Сейчас Грайс сидела на скамейке в Сентрал-Парке. На коленях у Дайлана лежала раскрытая коробка с разноцветными пончиками "Криспи Крем". Дайлан сидел между Грайс и Аймили. Грайс ела нежный пончик с банановым кремом, достигая той самой точки блаженства, обеспечивающей "Криспи Крем" такие высокие продажи. Молочно-банановый крем скользил по языку, и Грайс жмурилась от удовольствия. Аймили слизывала блестящую, розовато-красную клубничную глазурь с золотистого колечка пончика. Пончик Дайлана оставался нетронутым, Дайлан вещал:

- Так вот, создание дамб, возводимых инженерам эмериканской компании "Моррисон-Кнудсен" привело к поднятию грунтовых вод и соли, а на такой почве прекрасно растет знаете что? Опиумный мак! Иными словами, это Эмерика сделала поля Эфганистана источником сырья для наркотика, от которого теперь сама в ужасе повизгивает. А знаете, почему? Это деньги. Очень большие деньги, а люди любят большие деньги и очень большие деньги...

Аймили сидела с подчеркнуто скучающим видом, а потом стукнула ладонью по скамейке, перехватив пончик зубами. Умяв его, она сказала:

- Братик, знаешь, как ты выглядишь со стороны?

Она крикнула пробегавшему мимо мужчине в спортивных штанах, мокрой от пота майке и с эластичной повязкой под волосами.

- Эй, парень! Я - левая! Я очень - левая! Я просто ультралевая!

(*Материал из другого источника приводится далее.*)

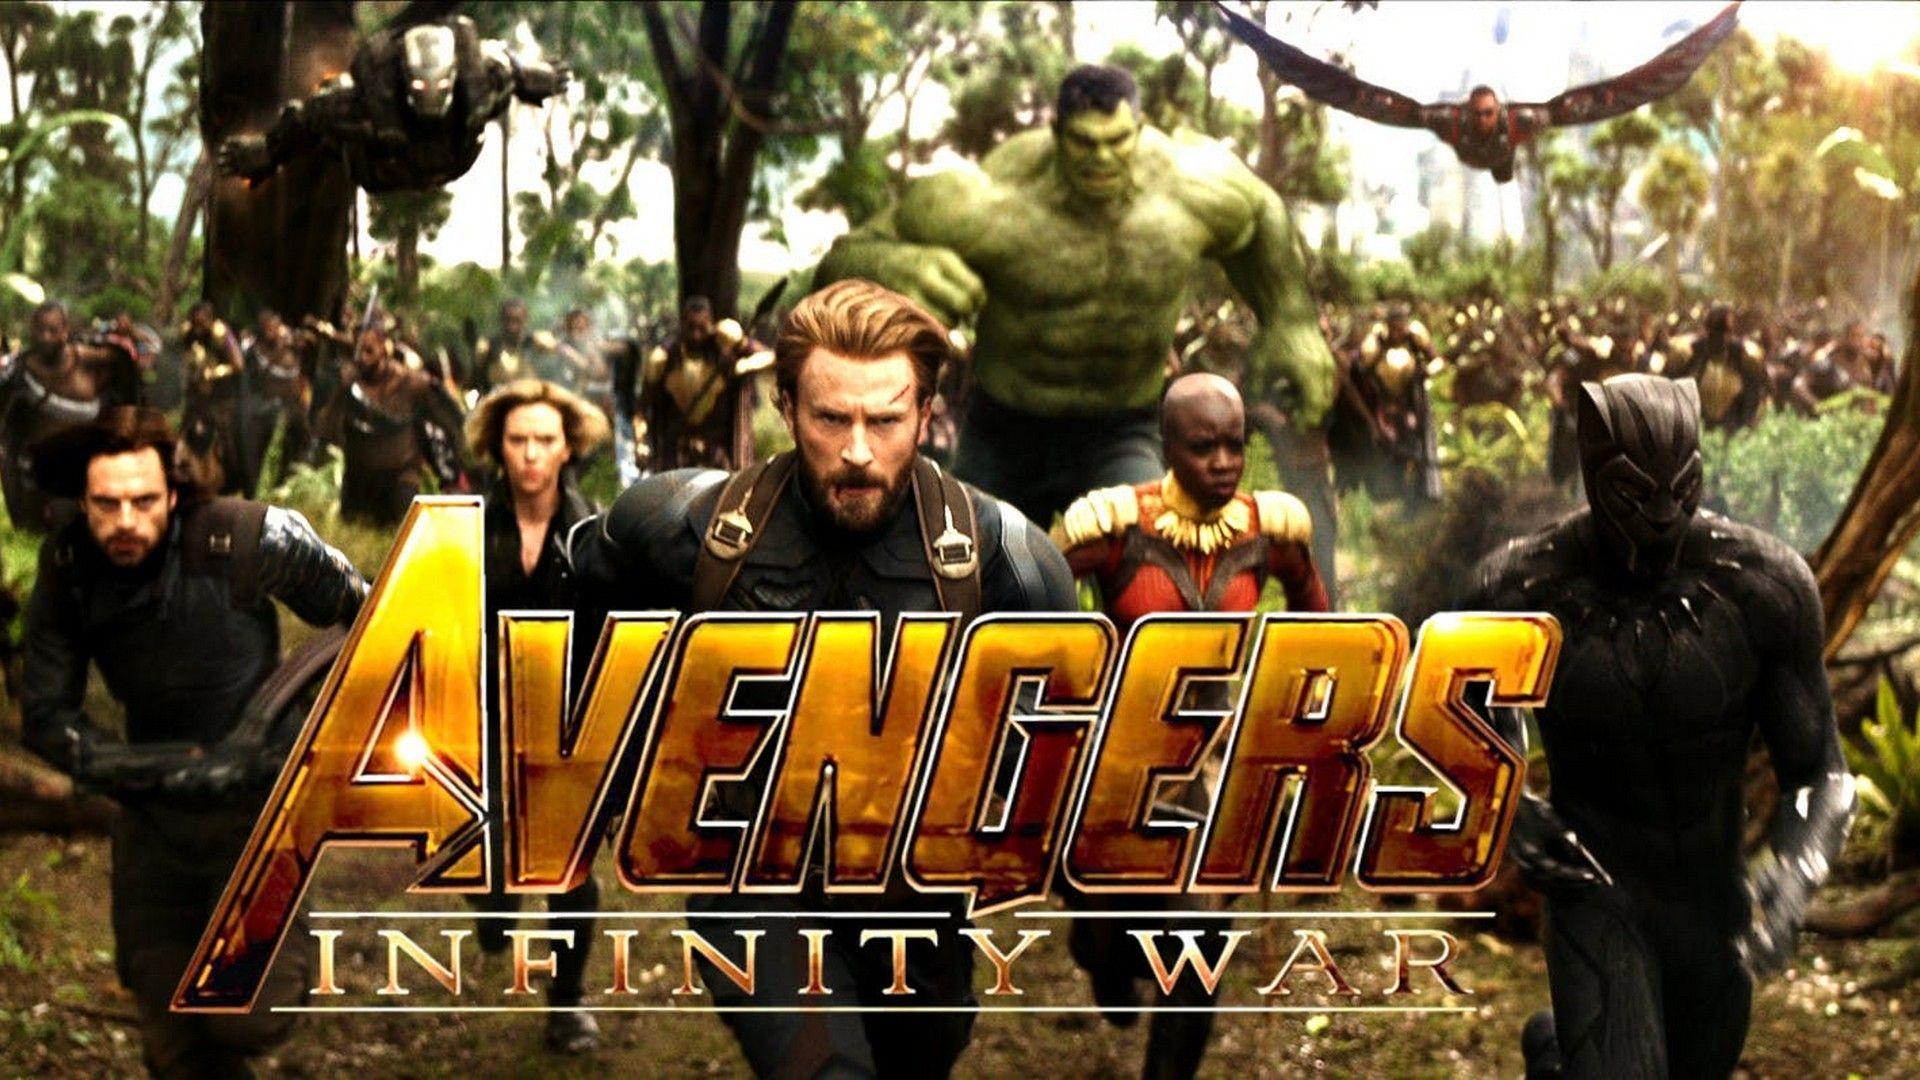 Avengers 3 Desktop Backgrounds Hd Best Hd Wallpapers Desktop

И я ненавижу правительство!

Грайс и Дайлан засмеялись, а парень, остановился, он был красный от бега и волнения, нелепый и грустный от того, что Аймили к нему обратилась.

- Д-да, - сказал он. - Здорово.

- Беги, Фаррест, беги! - крикнул Дайлан. А Грайс стало парня жалко. Она уже привыкла быть на другой стороне баррикад. Грайс была теперь членом божественной семьи, пусть не богиней, но человеком, принадлежащим их роду. А неудачливый бегун, совершавший утреннюю прогулку в нелепом темпе, не знал, что Аймили очаровательная и смешная, что она просто хотела уязвить брата, что она не злилась.

У него, наверное, вся жизнь перед глазами пронеслась. Не стоит ему сегодня повышать кардионагрузку.

- Правда? - спросил Дайлан, откусив пончик. - Так все и выглядит?

- Для полноты картины мне нужно было разбить себе голову.

- Определенно.

Они засмеялись. Дайлан и Аймили как будто были на одной волне. Странно, это Кайстофер был его близнецом, они были ближе всех в мире, но Дайлан больше всего времени проводил именно с Аймили.

Грайс еще не ко всему привыкла, особенно ей не давал покоя их зубодробительный цинизм. Ей каждый раз вспоминался подземный зал, в котором спали их предки. Никто из них, кроме Кайстофера, не мог воспринимать происходящее в мире всерьез. Все было смешным, игрушечным для существ, которые никогда не умирают. Все то, что для Грайс составит целую жизнь, было для них только эпохой. Поэтому они надо всем смеялись.

Дайлан отламывал кусочки от пончика и с удовольствием жевал. Пальцы у него были в креме, и Грайс видела, как сокращается клапан, где прячется щупальце, когда он двигает рукой.

- Ты ведь уже привыкла, Грайси? - спросил Дайлан.

- К твоей политической ориентации? Почти. Но я бы на твоем месте обратилась к психотерапевту.

Дайлан и Аймили засмеялись. Грайс почувствовала, что у нее получилось что-то важное. Ей нравилось иногда осторожно, одним шагом, преодолевать грань, разделяющую ее и их. Нравилось быть с ними фамильярнее, чем могут себе позволить большинство людей на земле. Аймили и Дайлан, наверное, это знали. Они частенько подыгрывали ей.